160 points by amaks 6 years ago | 61 comments
  • gcbw2 6 years ago
    The hypothesis is they should see CMB distortion between galaxies, which is hidden by the distortion caused by the galaxies themselves. The solution was to assume they were removing the distortion caused by the galaxy halo, and what was left was the original distortion they were looking for.

    sounds like the work to rule out false-positives would be huge. This is putting a lot of weight on a technique that is not fully described in the paper (i might have missed, just glanced at them for now, and i am an amateur that just like to fiddle with similar data).

    • simsla 6 years ago
      You're right about the first two papers (which used the same approach). Ruling out a FP result would be difficult, which is why it wasn't fully embraced by the scientific community.

      The third team took a different approach [1], with results that are both more accurate, less prone to FP, and generally agree with the other findings.

      > Here we report observations of two absorbers of highly ionized oxygen (O VII) in the high-signal-to-noise-ratio X-ray spectrum of a quasar at a redshift higher than 0.4. These absorbers show no variability over a two-year timescale and have no associated cold absorption, making the assumption that they originate from the quasar’s intrinsic outflow or the host galaxy’s interstellar medium implausible.

      [1] https://www.nature.com/articles/s41586-018-0204-1

      • nfc 6 years ago
        I'm not really sure of what you mean by false positives.

        After my understanding of the stacking technique as used in other contexts in astrophysics and without going into too much details :

        The problem they were facing is that the signal to noise of the images of the filaments was too low to say that they had detected anything in any individual images. However by stacking (adding) images they were able to detect it because the signal grows roughly with N (N being the number of images) and the noise grows with sqrt(N). So by stacking enough images you'll get the signal to noise necessary to say you've detected sth.

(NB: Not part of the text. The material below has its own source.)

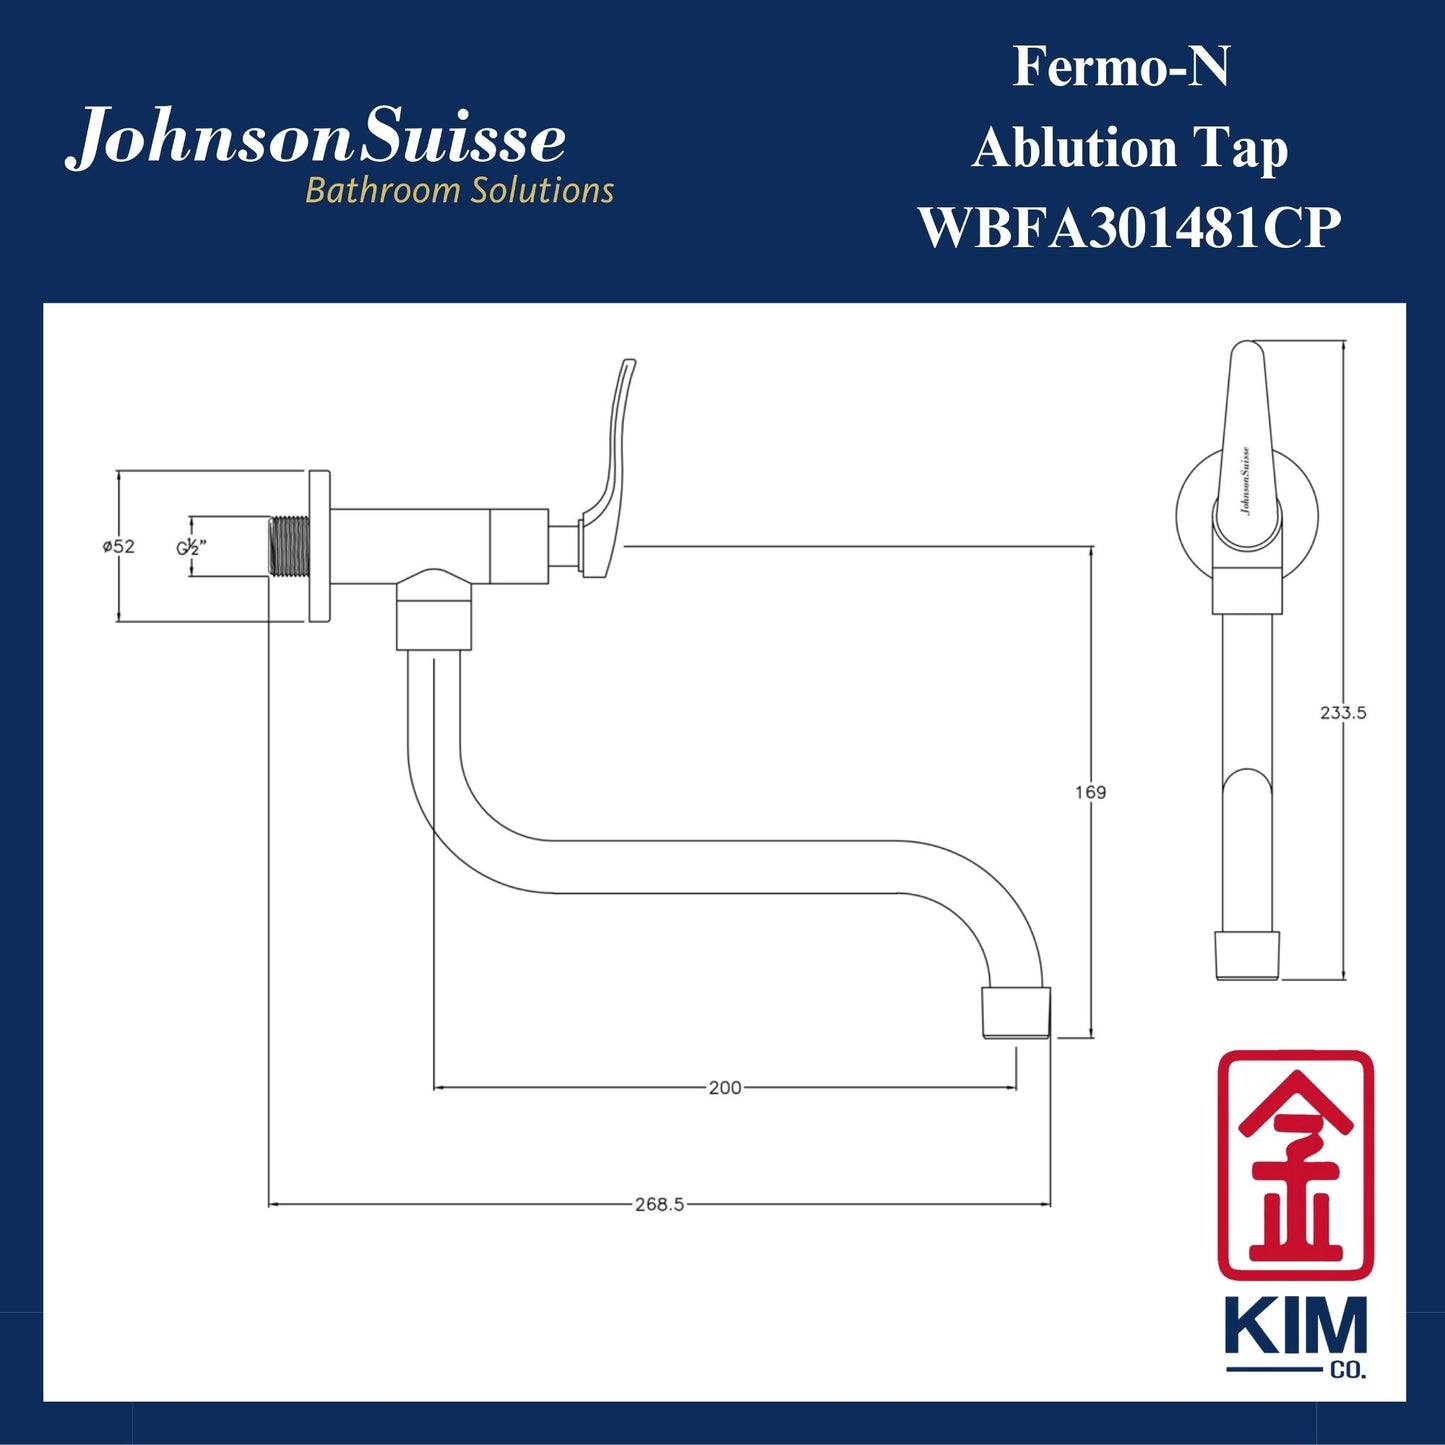 Johnson Suisse Fermo-N Ablution Tap (WBFA301481CP)

        • gcbw2 6 years ago
          Think like that: there are two bright lights in front of you. There will always be a halo between those two bright lights.

          Now, my hypothesis is that "between all two bright lights, there is third, dimmer one, hidding". And then i prove it by filtering X from the two bright light halo, and prove that Y is left proving that the third light is there.

          Now, how can i be sure Y is really a third dimmer light? and not just noise on the function i used to try to clean up the halo of the two bright light?

          • nfc 6 years ago
            You are right that this could be the case, and it's mentioned in at least one of the papers [1] where they say that a better understanding of the physical state of this gas is needed to estimate its contributions to the baryonic mass.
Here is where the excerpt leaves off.